The strategy places emphasis on the need to raise professionals’ awareness about how autism is presented in everyone. The newly commissioned diagnostic service can also provide post diagnosis relationship support. Both will assist professionals to respond positively to sexual orientation issues.

Marriage/civil partnership:

The strategy is inclusive for all adults with autism in Hampshire. As such the impact on marriage and civil partnerships is as contained in the above sections.

Pregnancy and maternity:

The strategy is inclusive for all adults with autism in Hampshire. As such the impact on pregnancy and maternity is as contained in the above sections.

Other factors:

None known.

Conclusion

Nationally and regionally there are three tiers of governance for the strategy:

1. The Adult Autism Strategy Programme Board, providing overall programme governance

2. The Delivery Group, reporting to the Adult Autism Strategy Programme Board.
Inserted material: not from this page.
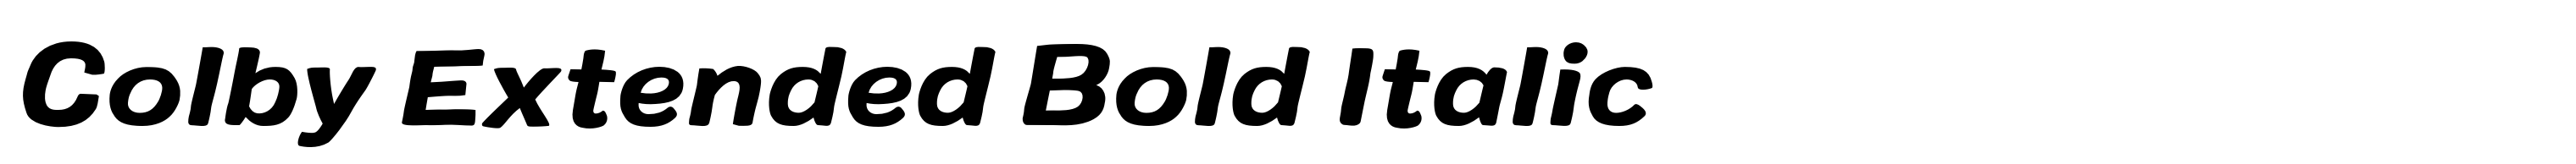 Colby Extended Bold Italic
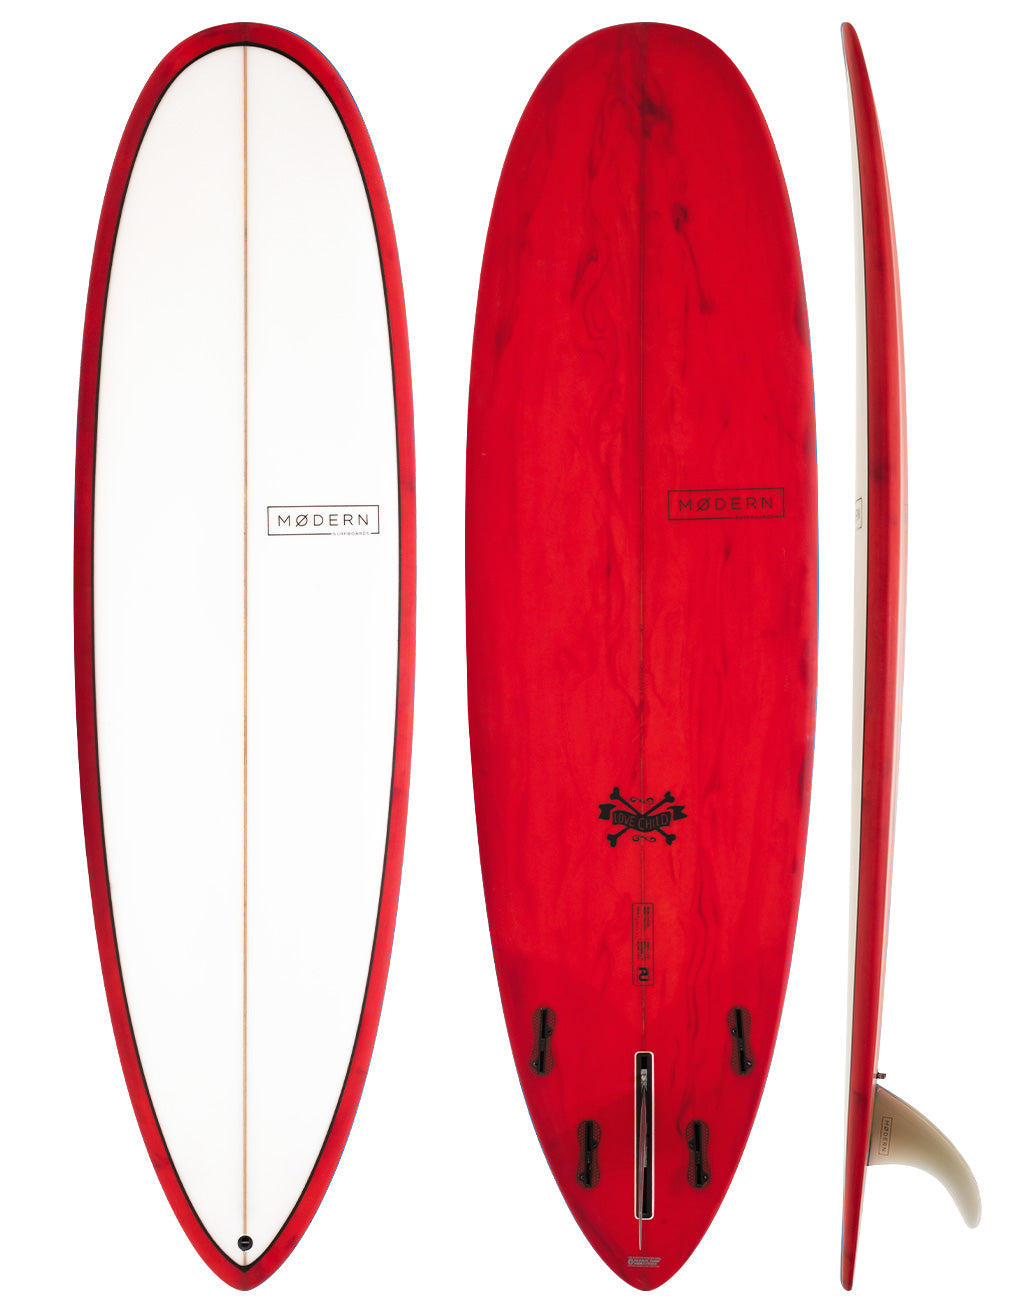 Modern Surfboards - Love Child - red and white mid length surfboard

3. Department of Health Deputy Regional Directors of Social Care and Partnerships, who will oversee progress on a regional level, working closely with local leads.

Locally, the Hampshire Autism Partnership Board brings together a range of services and stakeholders including parents, carers and people with autism. The aim of the Board is to set the direction for improved services for people with autism, and monitor progress.

Hampshire Adult Services identified a lead senior officer to chair the Board, the Deputy Director of Adult Services. Therefore Hampshire is well placed to link into regional and national work and structures and has established excellent networks and partnerships to take forward implementing the strategy.

Hampshire’s Autism Strategy for Adults provides a real opportunity for the needs of adults with autism to be understood and for national and local plans to be put in place to help meet these needs. The autism strategy provides the framework and structures to help local people with autism to have the same opportunities as everyone else to help them achieve their full potential.